Our revenue is largely derived from contracts that are directly or indirectly paid or funded by government agencies. All of these contracts are subject to legislative appropriations and state budget approval. Consequently, a significant decline in government expenditures, shift of expenditures or funding away from programs that call for the types of services that we provide or change in government contracting or funding policies could cause payers to terminate their contracts with us or reduce their expenditures under those contracts, either of which could have a negative impact on our future operating results.

 

16


The availability for funding under our contracts with state governments is dependent in part upon federal funding to states. Changes in Medicaid methodology may further reduce the availability of federal funds to states in which we provide services. Among the alternative Medicaid funding approaches that states have explored are provider assessments as tools for leveraging increased Medicaid federal matching funds. Provider assessment plans generate additional federal matching funds to the states for Medicaid reimbursement purposes, and implementation of a provider assessment plan requires approval by the Centers for Medicare and Medicaid Services in order to qualify for federal matching funds. These plans usually take the form of a bed tax or a quality assessment fee, which were required to be imposed uniformly across classes of providers within the state, except that such taxes only applied to Medicaid health plans.

However, the Deficit Reduction Act of 2005, or Deficit Reduction Act, requires states that desire to impose provider taxes to impose taxes on all managed care organizations, not just Medicaid managed care organizations. This uniformity requirement as it relates to taxing all managed care organizations may make states more reluctant to use provider assessments as a vehicle for raising matching funds and, thus, reduce the amount of funding that the states receive and have available. Moreover, under the Deficit Reduction Act, states may be allowed to reduce the benefits provided to certain Medicaid enrollees, which could affect the services that states contract for with us. We cannot make any assurances that these Medicaid changes will not negatively affect the funding under our contracts.

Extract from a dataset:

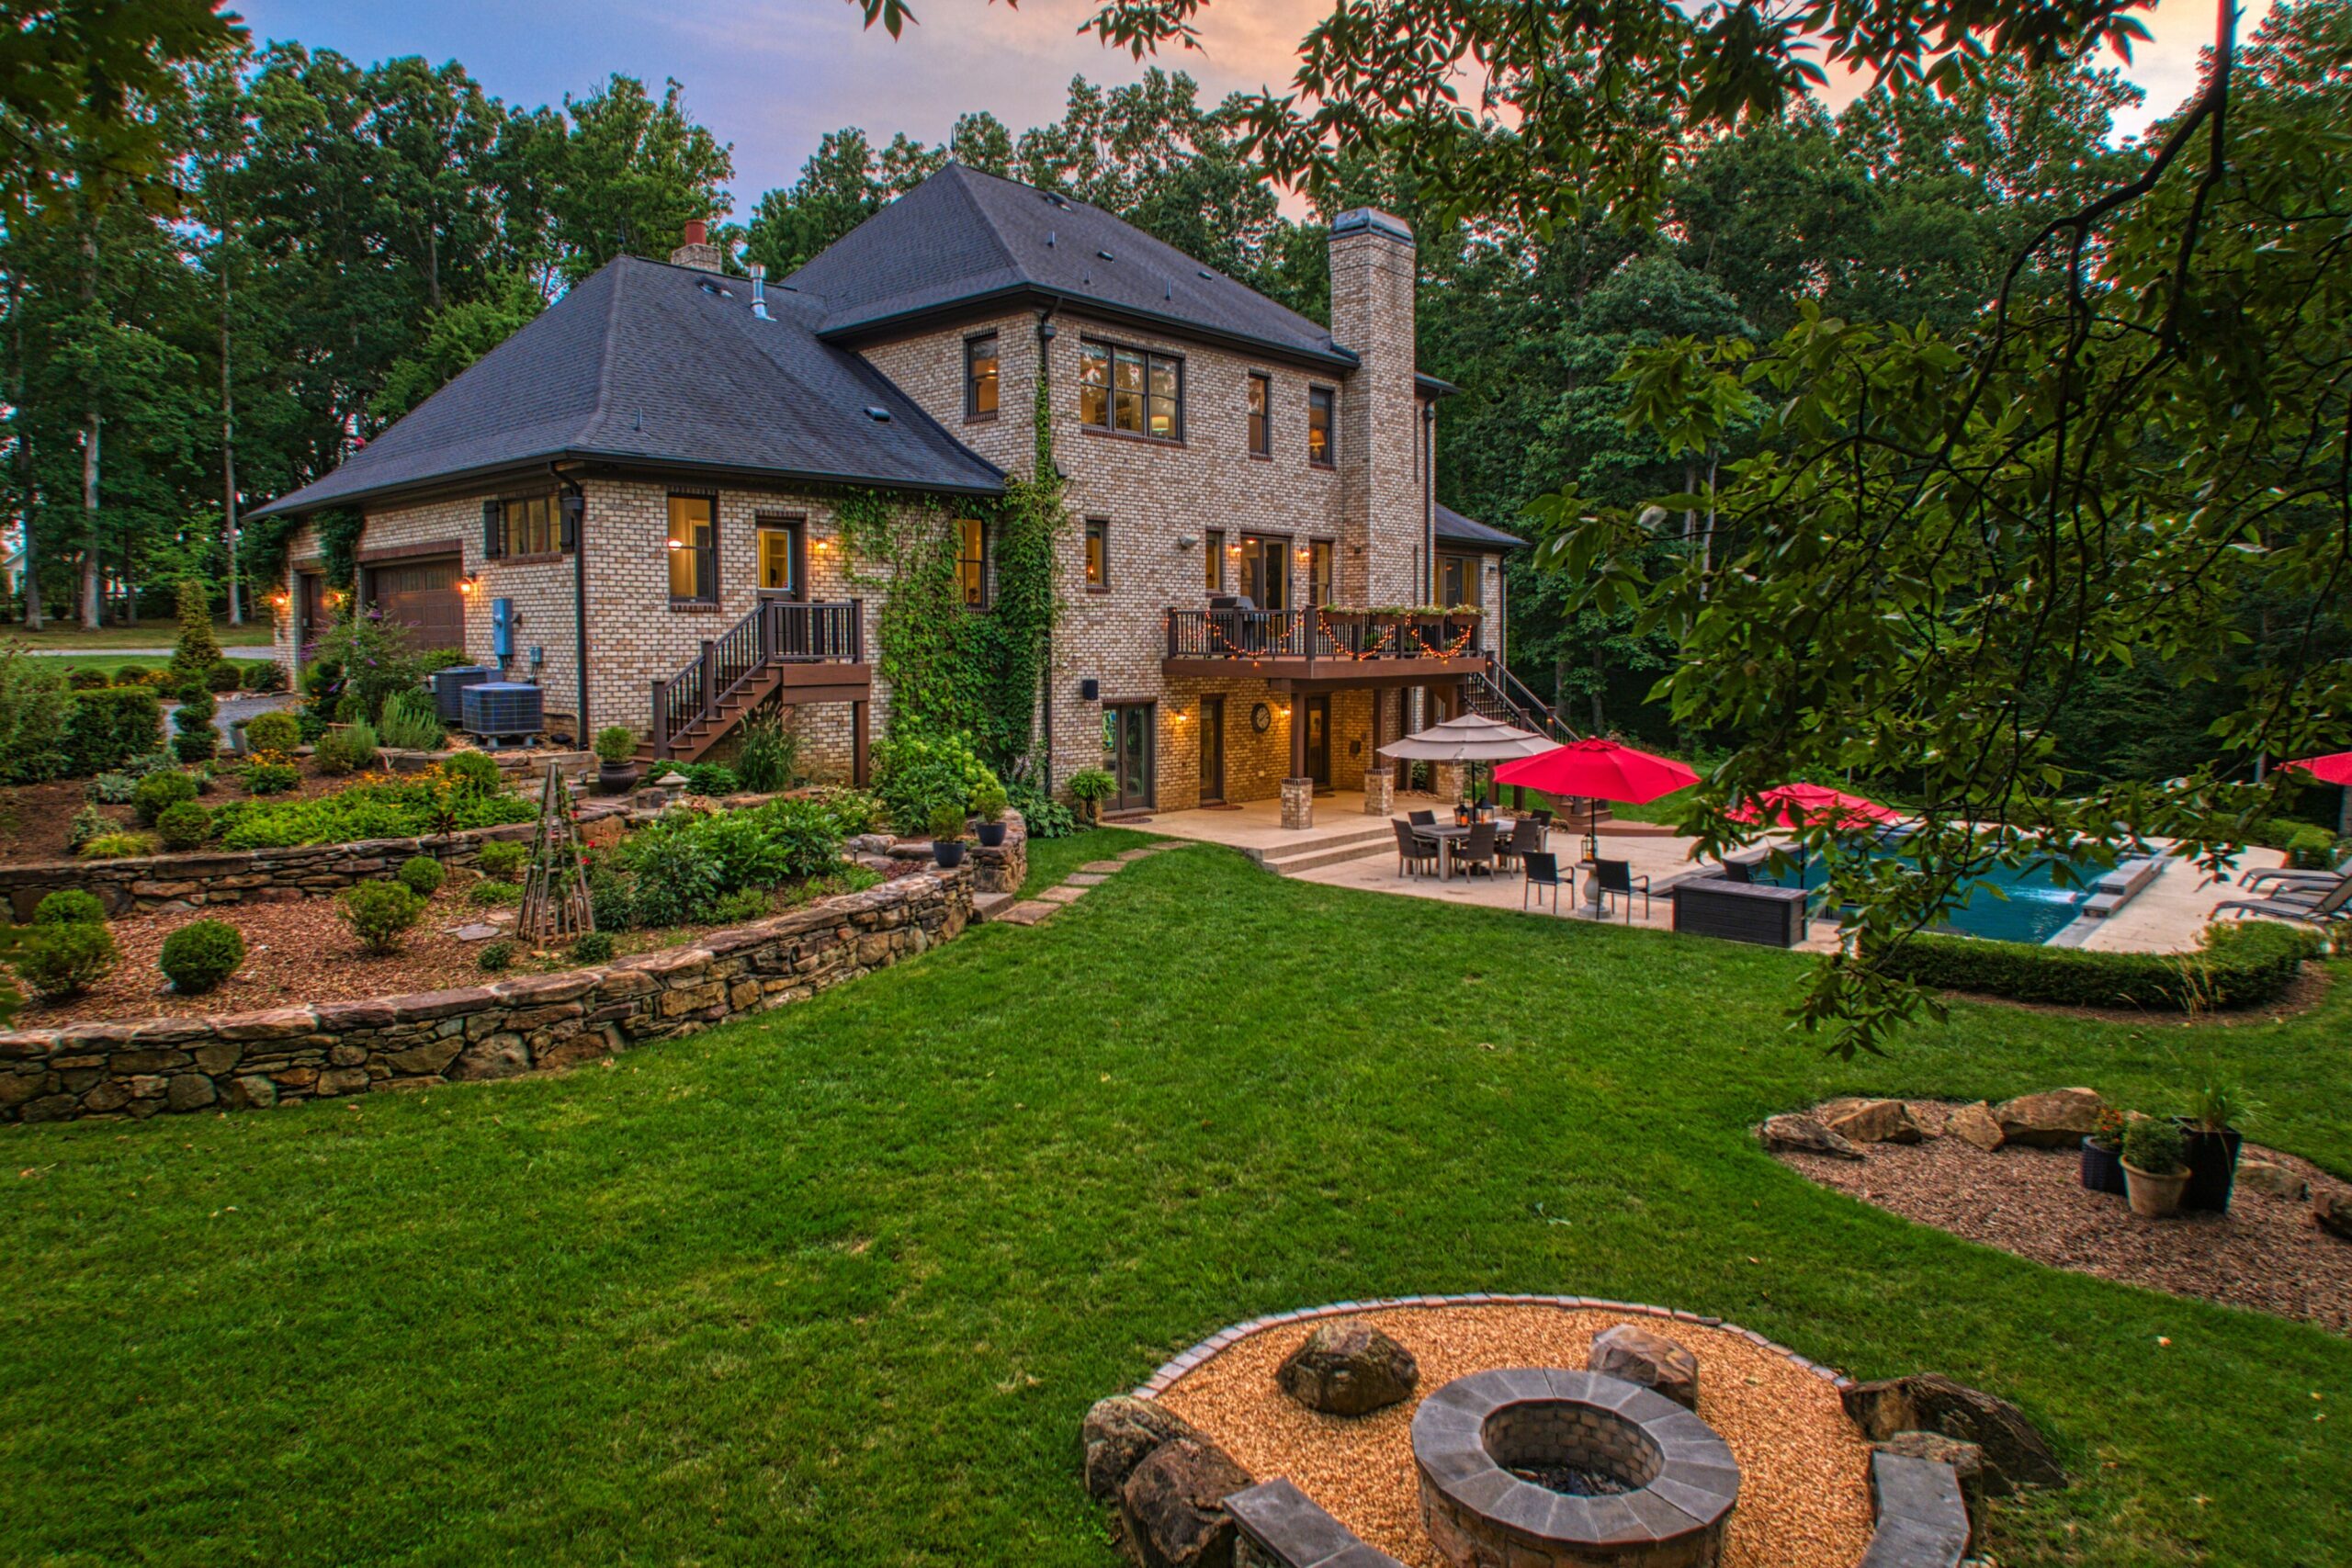 Professional exterior photo of 40046 Mount Gilead Rd in Leesburg, Virginia - showing the rear of the stone home with terraced landscaping, a fire pit, and looking back towards the house there is a deck, terrace and inground pool

As funding under our contracts is dependent in part upon federal funding, such funding changes could have a significant effect upon our business.

Currently, many of the states in which we operate are facing budgetary shortfalls or changes in budgetary priorities. In addition, in some states eligibility requirements for social services clients have been tightened to stabilize the number of eligible clients and in certain instances states have implemented or are considering implementing a single point of access to care or a managed care model, which reduces the size of our potential market in those states. While many of these states are dealing with budgetary concerns by shifting costs from institutional care to home and community based care such as we provide, there is no assurance that this trend will continue.

We conduct business in a heavily regulated healthcare industry; compliance with existing regulations is costly and changes in regulations or violations of regulations may result in increased costs or sanctions that reduce our revenue and profitability.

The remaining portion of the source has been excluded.